The teams also found other cards, which, when installed, result in a kernel panic. One example is the Highpoint SSD7101A.

Getting Help From Our Chip Supplier

We then contacted our PCIe chip supplier in Taiwan to get help determining why macOS thought there was an error on the PCIe bus. Their engineers analyzed the signals on the PCIe bus and told us that macOS was mistakenly indicating that there is an error when, in fact, all the signals were correct.

Apple Starts Investigating

We have since reported this problem to Apple and are working with them to develop a solution. Like the problem we discovered recently — where a Mac hangs while transferring large files — I am confident that they will develop a quick and reliable fix for this problem.

How to Prevent the Kernel Panic From Occurring

Since the kernel panic occurs only when the OWC Accelsior 4M2 is in slots 4 or 5, and the slot is using pool B of the PCIe lanes, the solution for your 2019 Mac Pro is easy. You can either move the card to a different slot or change the slot to use pool A of the PCIe lanes.

Move the OWC Accelsior 4M2 Card to a Slot Other Than Slot 4 or 5

You can move your OWC Accelsior 4M2 card to slots 1, 2, 3, 6, or 7, and this will prevent the kernel panic from occurring. Slot 8 is always occupied by the Apple Thunderbolt card.

Inside Mac Pro 2019 showing PCIe slots
Note: Slot 2 is normally covered by a graphics card. If you install your OWC Accelsior 4M2 in slot 2, you will only be able to use one graphics card, installed in slot 3.

Change the Slot With the OWC Accelsior 4M2 Card to Use PCIe Lanes in Pool A

To change the slot which contains the OWC Accelsior 4M2 to use the lanes in pool A, follow these simple steps:

1) Select About this Mac from the  menu.

2) Click on the PCI Cards tab in the About This Mac window.
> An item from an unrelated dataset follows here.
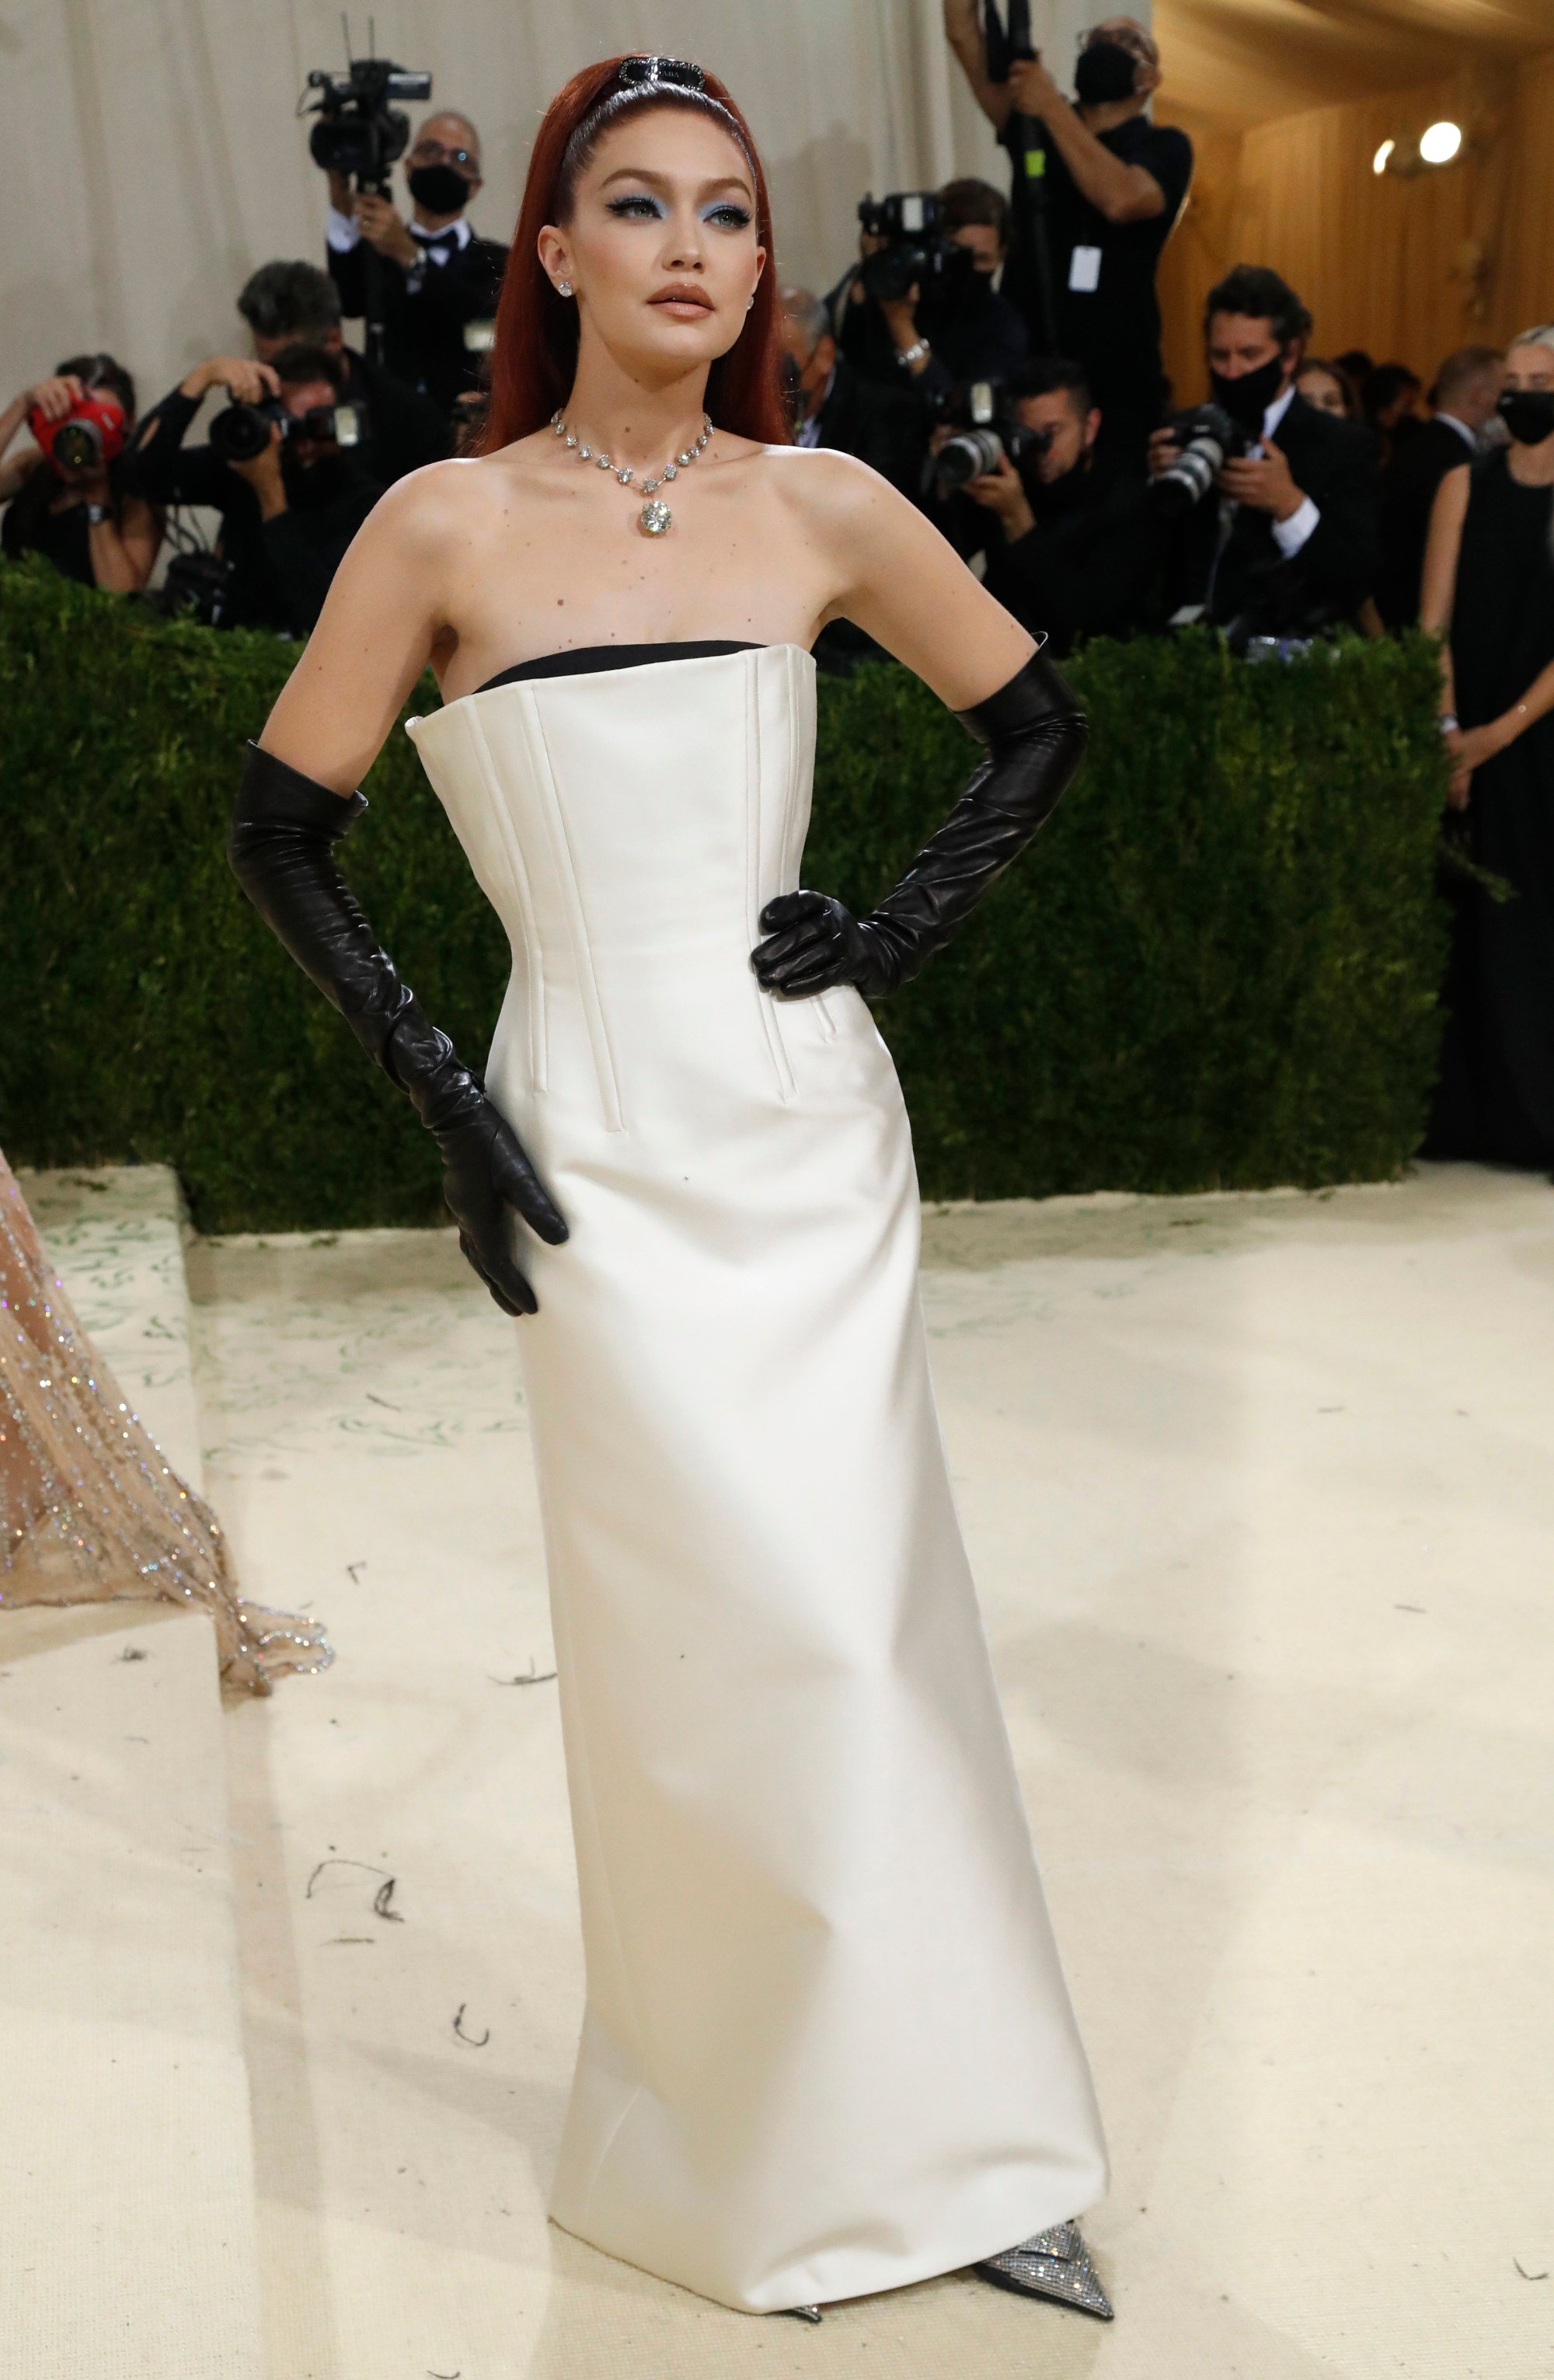 Emma Stone wears a daring thigh-split plunging gown at the Met Gala
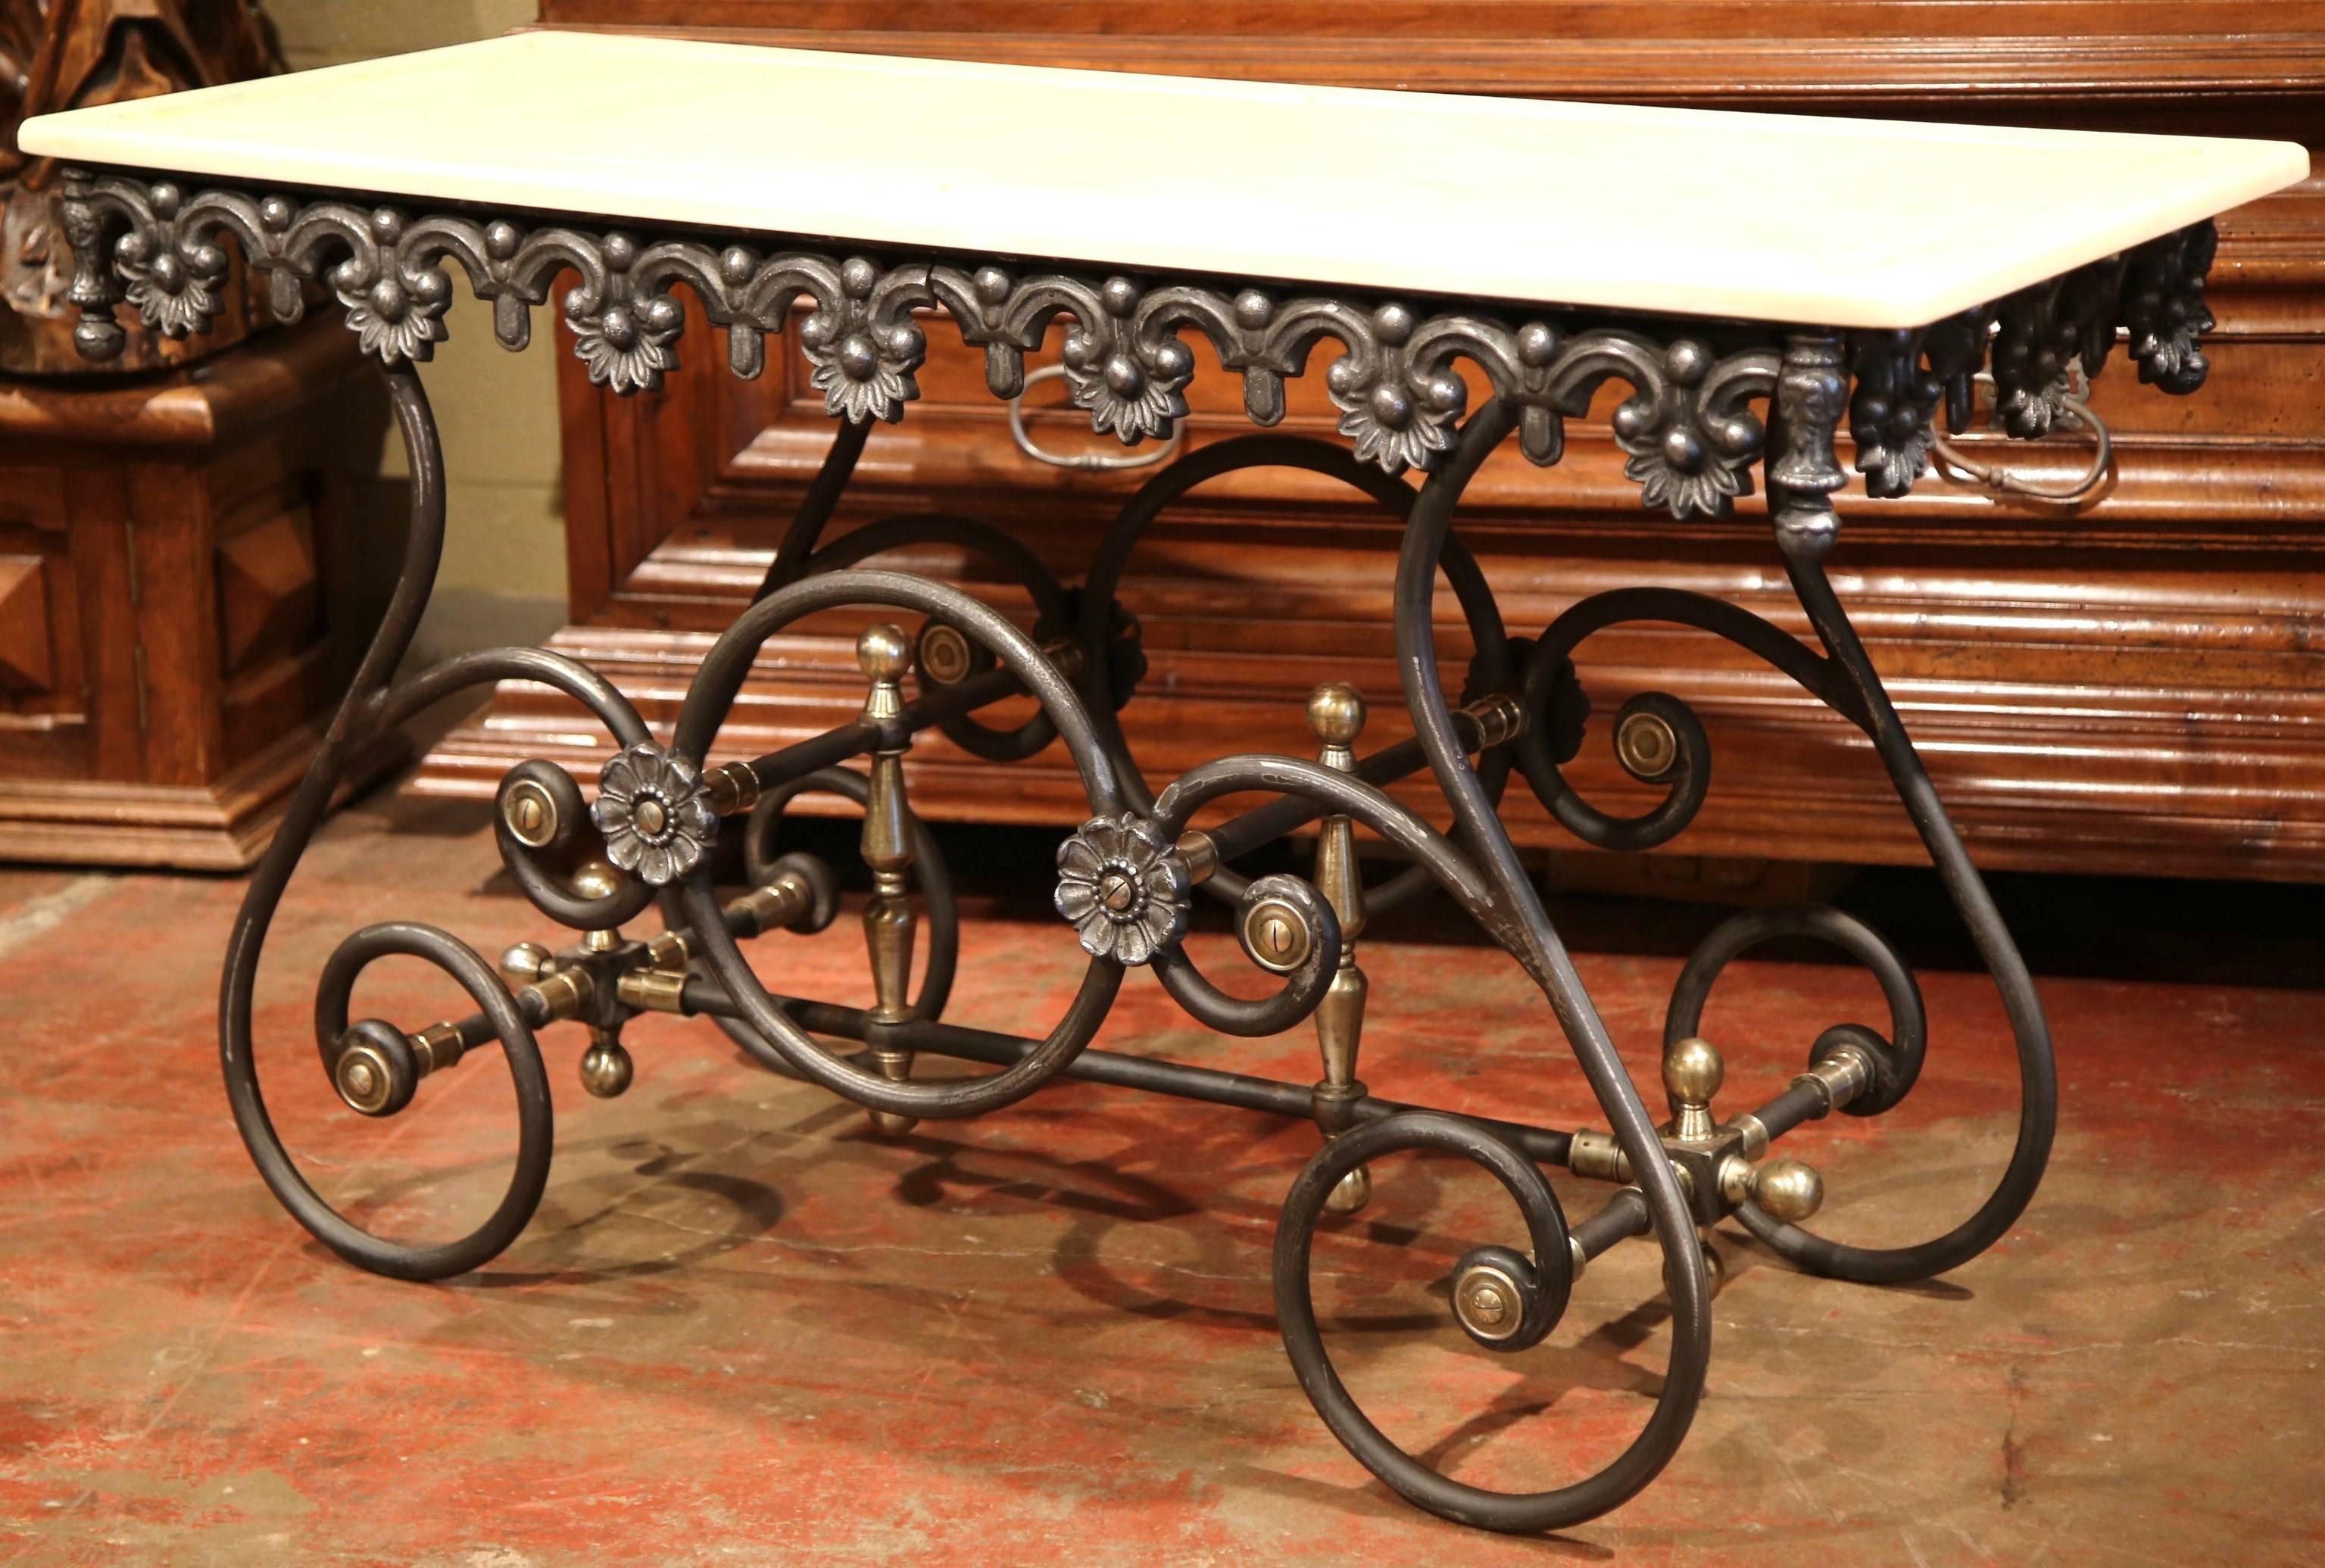 This long, narrow French butcher table (or pastry table) would add the ideal amount of surface space to any kitchen. This table has a polished iron finish and features a scalloped apron with intricate metal work and beautiful scrolled legs with

3) Click on the Expansion Slot Utility… button.

4) Click on the Automatic Bandwidth Configuration checkbox to deselect it.

5) Click on the button in the A column next to the slot containing your OWC Accelsior 4M2. (In this example, it is slot 4.)

6) When you are done, the Expansion Slot Utility window should look like this.

7) Click the close box in the top left of the Expansion Slot Utility window. You will be prompted to save your changes, and then your 2019 Mac Pro will restart.



LEAVE A COMMENT


  • I’m running a Mac pro 2019 with 3 Accelsior 4M2 cards in slots 3, 4, 5.
    Slot 1-2 AMD 5700x, slot 6 avid HD Native, slot 7 Sonnet USB and slot 8 Apple I/O. OS Catalina 10.15.3

    Despite running the NVMe cards in the B pool I still experience Sleep/Wake kernel panics. There is often another, similar error that is logged as, ‘PowerOff timed out in phase “Notifying power plane drivers”.

    The errors always occur at boot.

    Sometimes, after shutting down, not being put in sleep mode, the MP will reboot itself as if it’s actually been sleeping, not having been shutdown, sort of an involuntary resurrection.

    This behavior is inconsistent, creating the impression that some juggling of parameters my have solved the problem, but no.

    At one point, allocating the NVMe cards to the B pool seemed to be a cure but that only worked when shutting down while leaving the MP connected to power. Once the master power was shut off then turned on the next day, the boot error reappeared.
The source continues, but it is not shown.